Nothing but the lines from the one with "How To Apply" through the end of the data should be set down, each exactly as written, and no picture should be included.

• DATA EXTRACT:

....

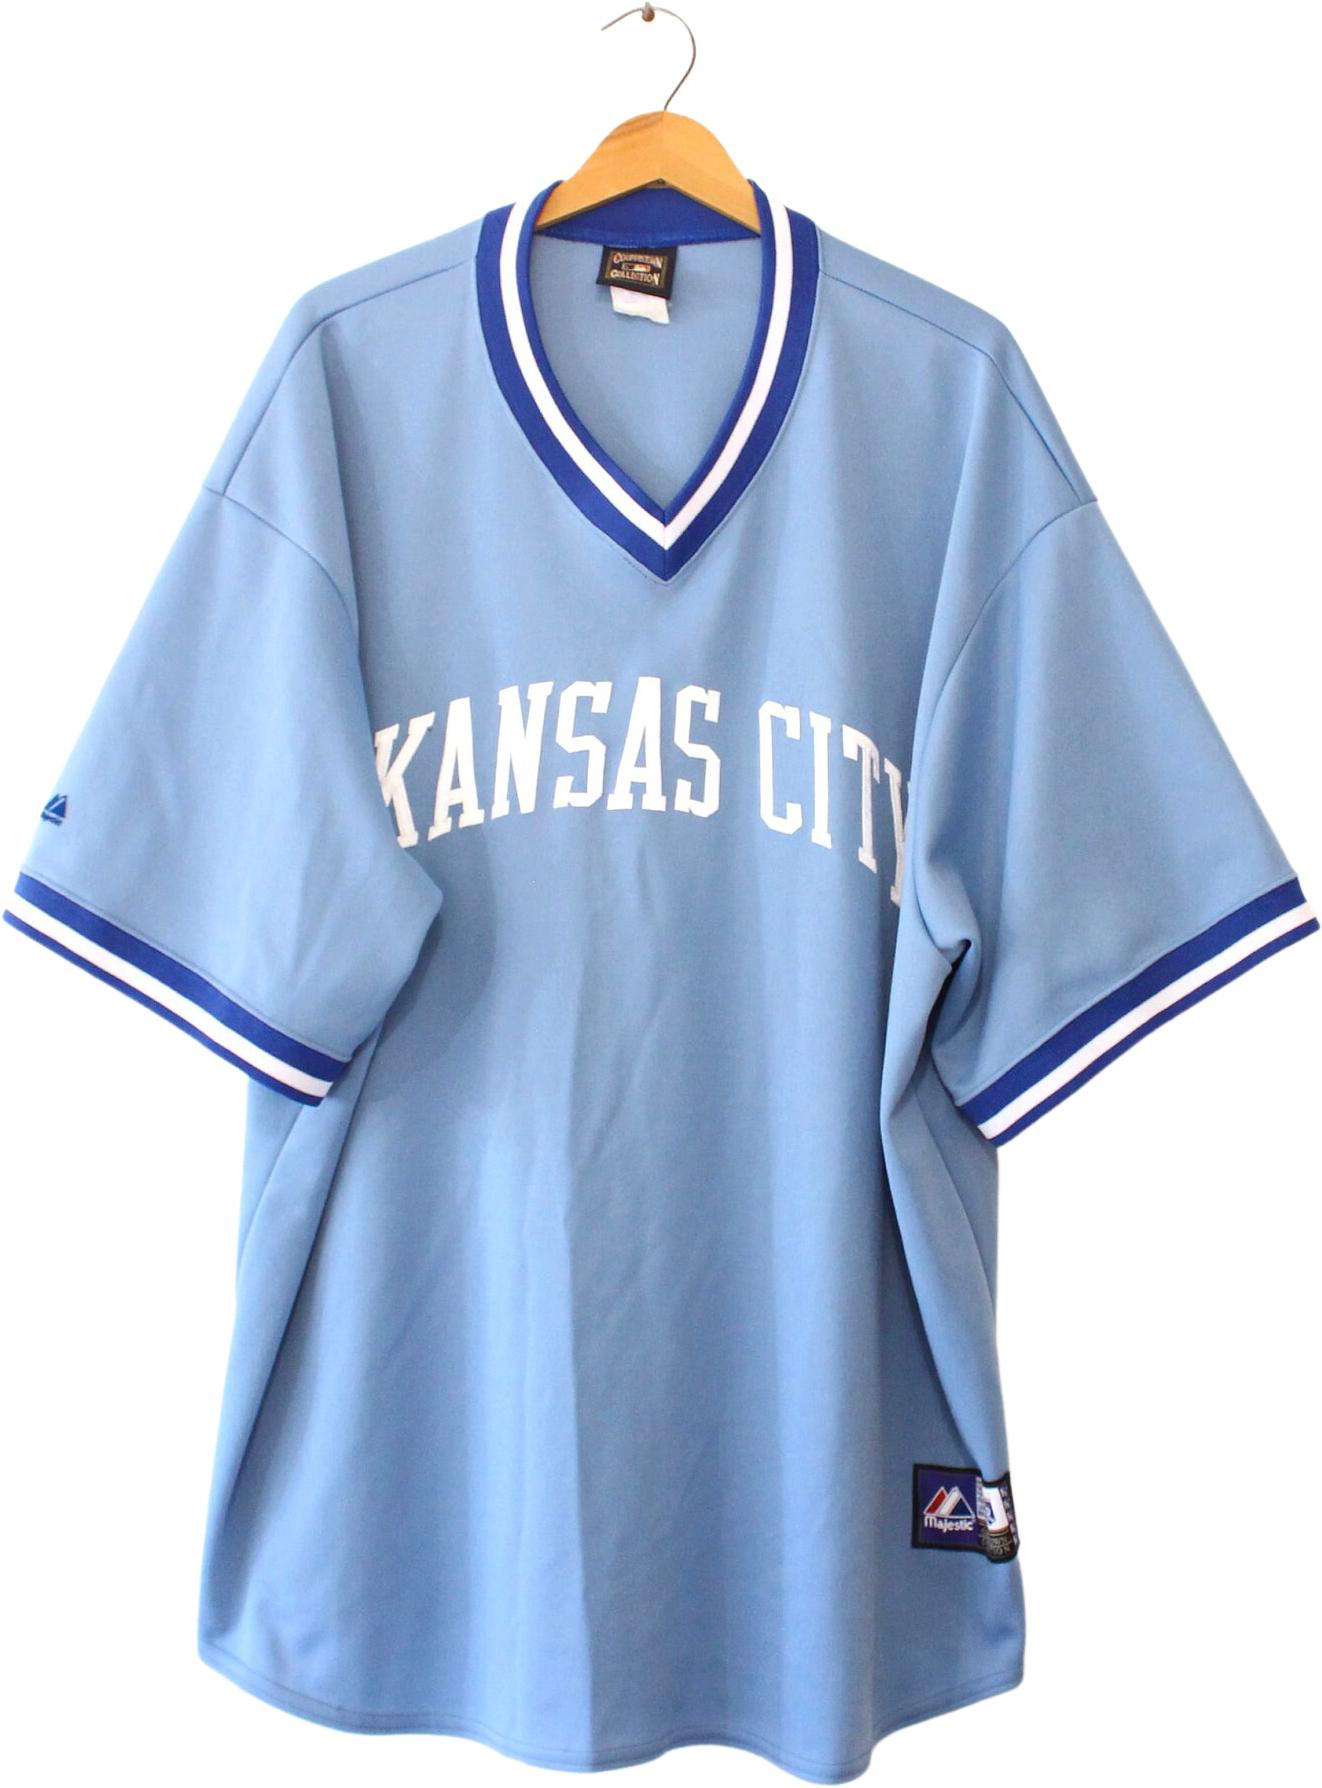 Baseball Jersey Kansas City Royals W/2 Toned Pinstriped Cotton
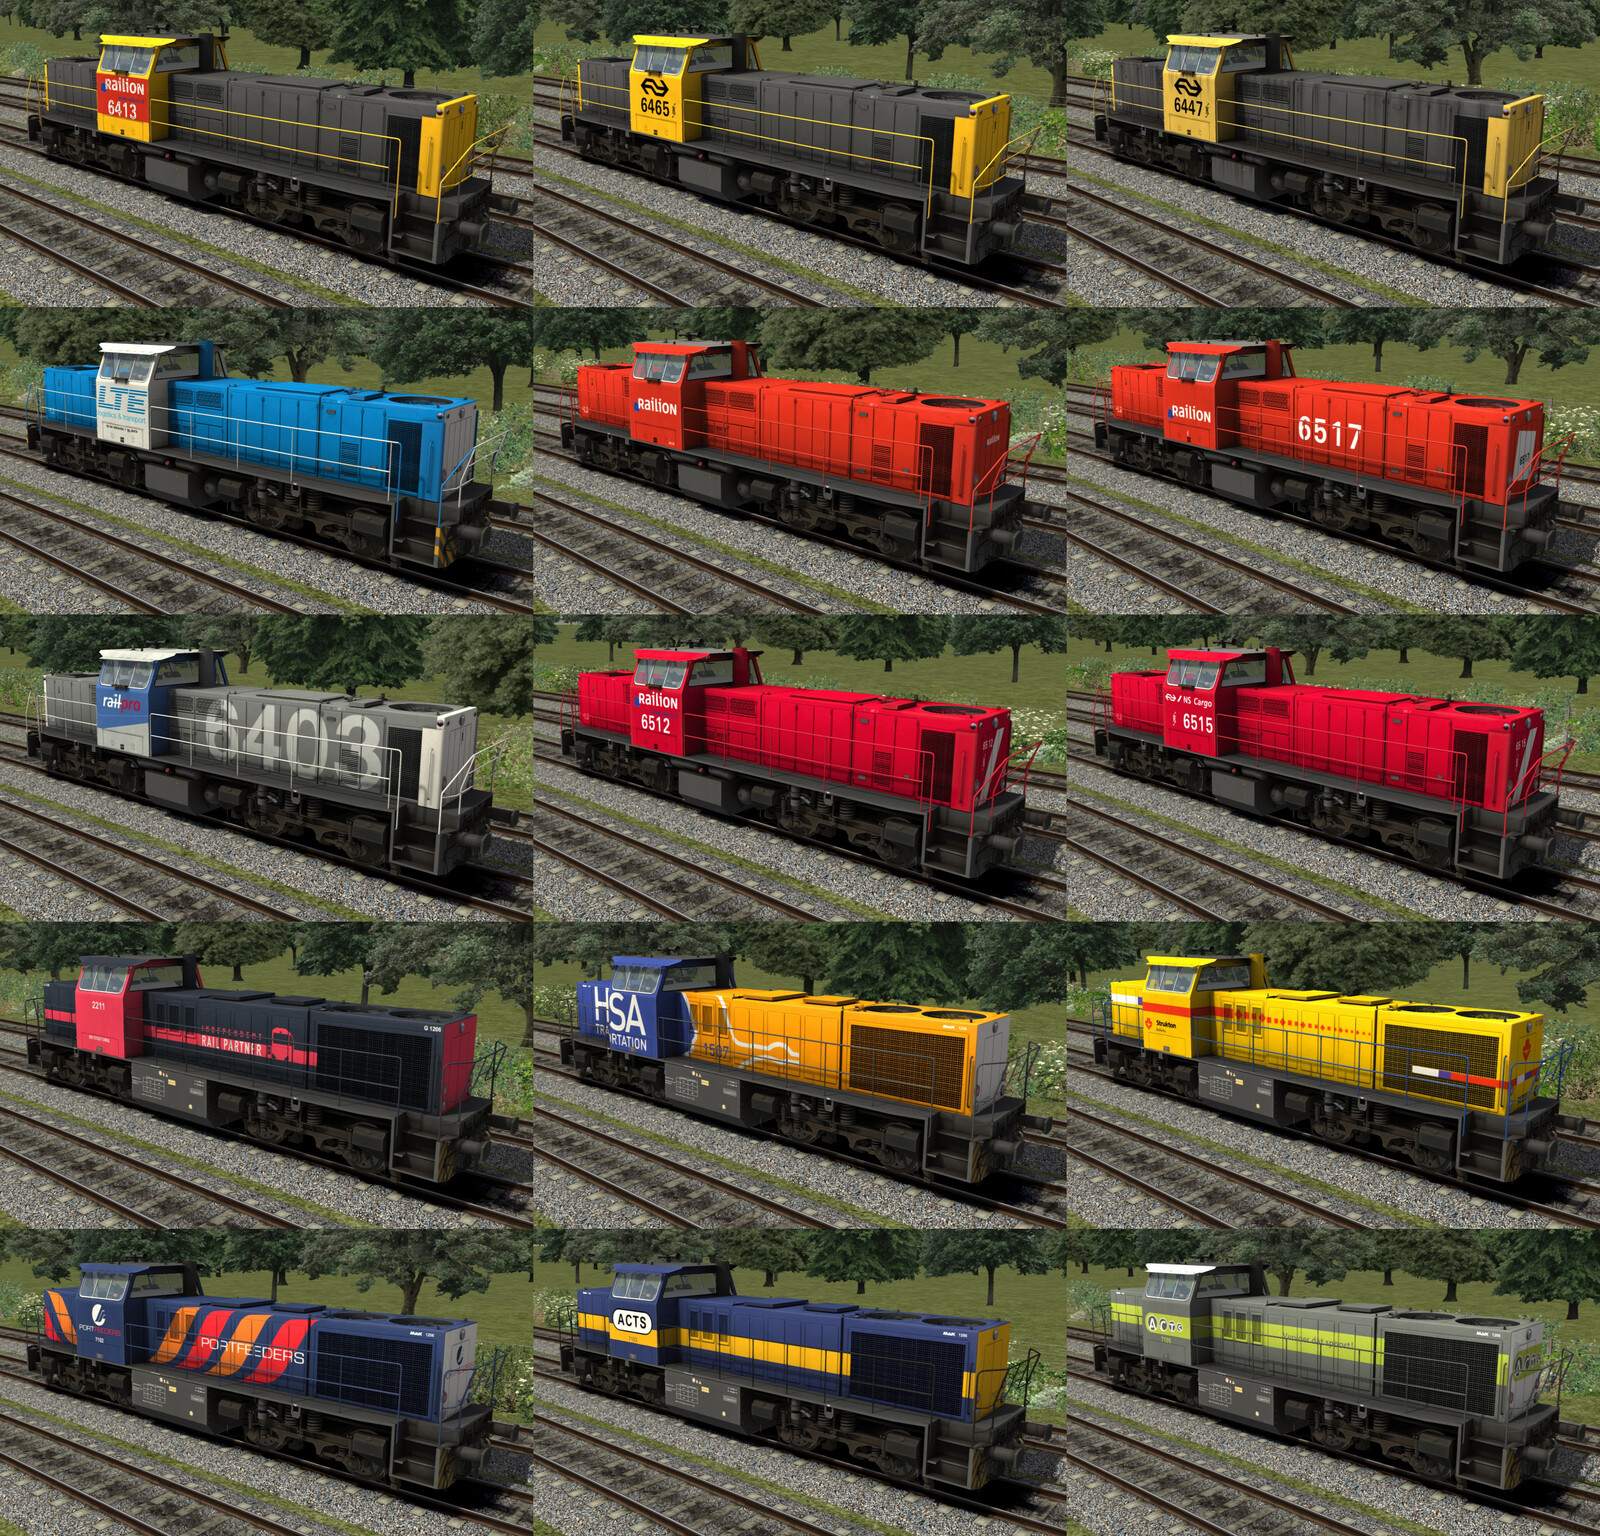 All 9 derivatives of the 6400 locomotive plus 6 MaK g1206 derivatives.
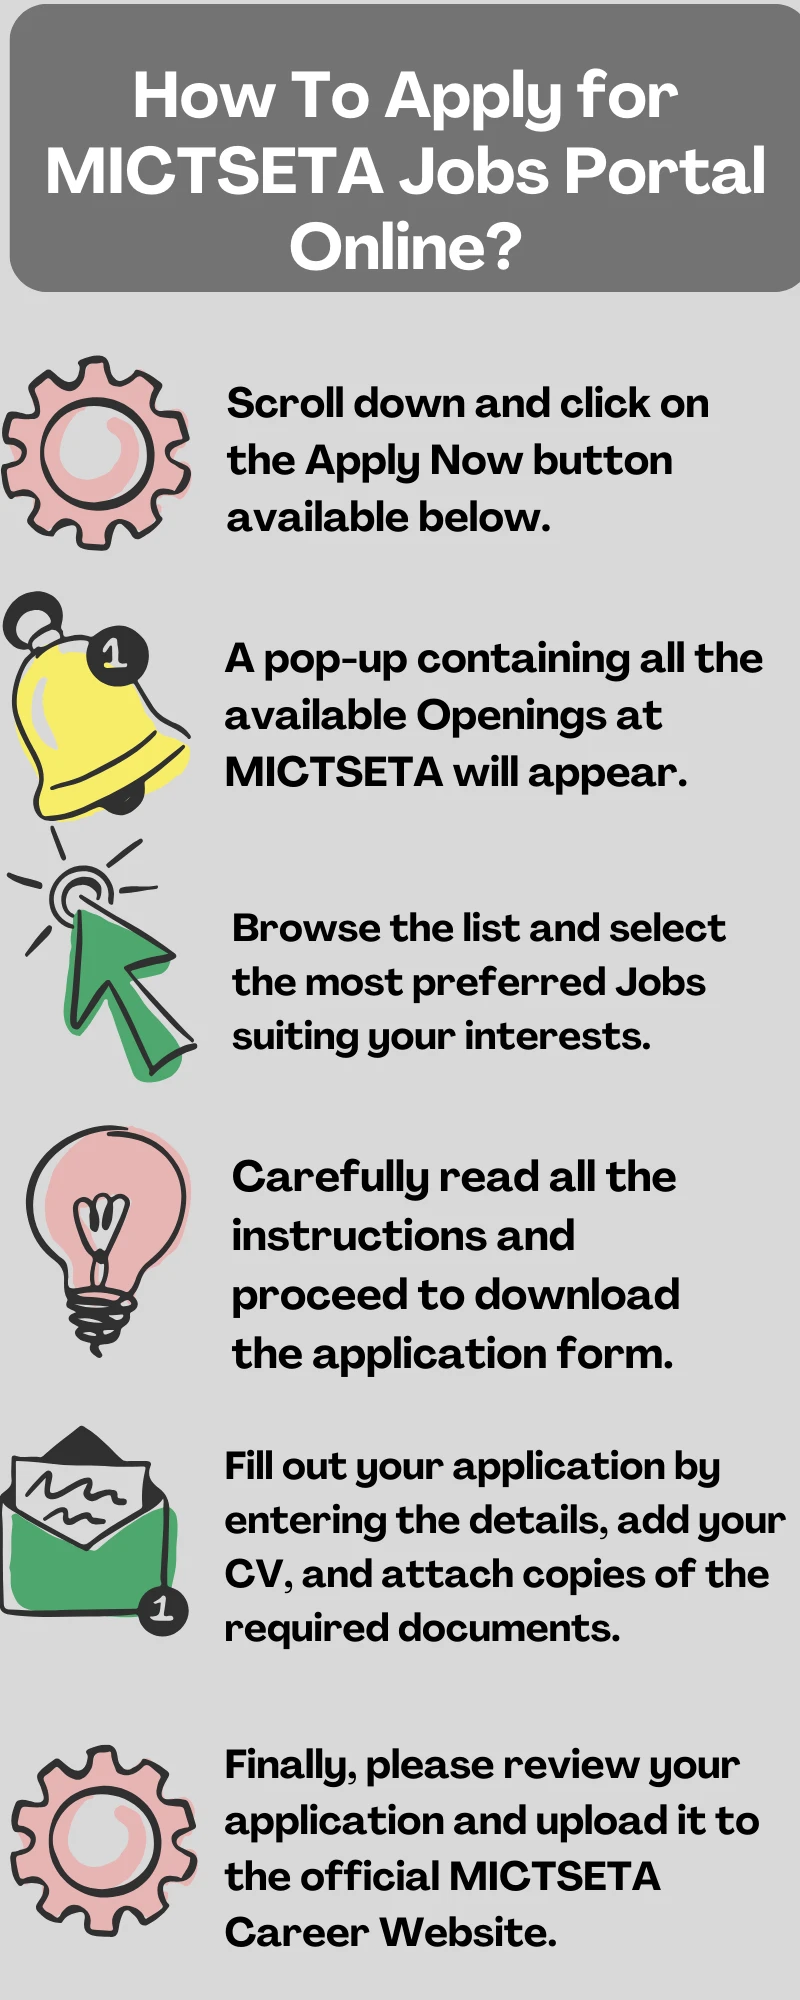 How To Apply for MICTSETA Jobs Portal Online?
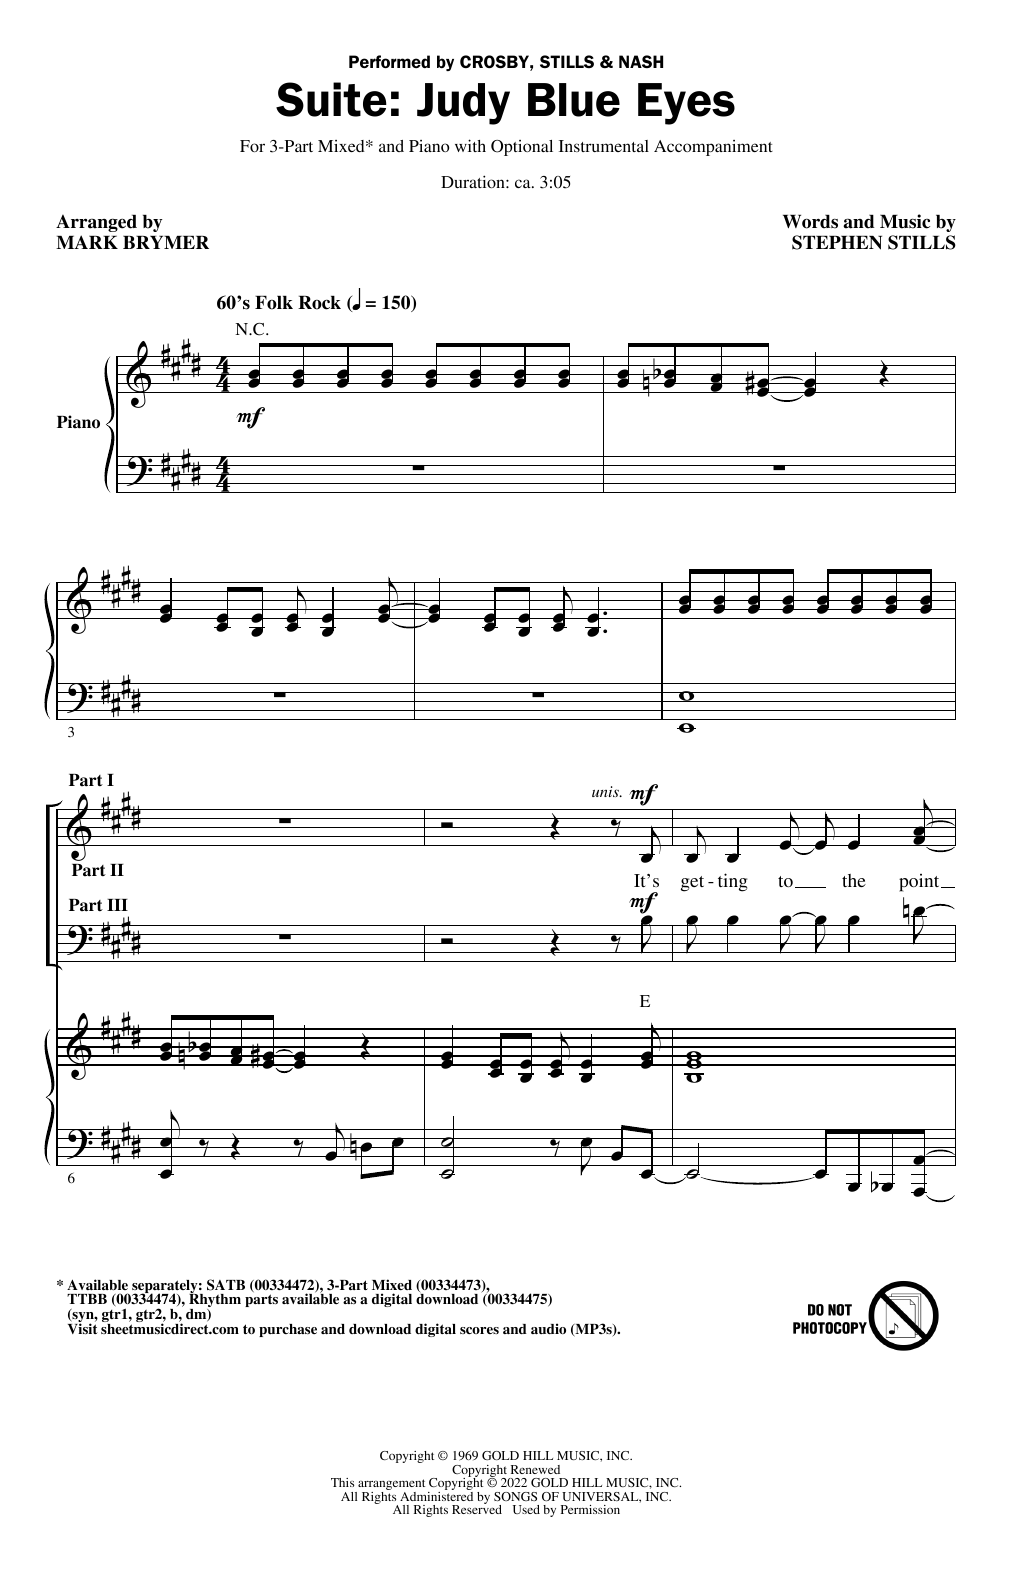 Crosby, Stills & Nash Suite: Judy Blue Eyes (arr. Mark Brymer) Sheet Music Notes & Chords for SATB Choir - Download or Print PDF

....

• ANSWER TO THIS EXERCISE:
 How To Apply for MICTSETA Jobs Portal Online?
 Crosby, Stills & Nash Suite: Judy Blue Eyes (arr. Mark Brymer) Sheet Music Notes & Chords for SATB Choir - Download or Print PDF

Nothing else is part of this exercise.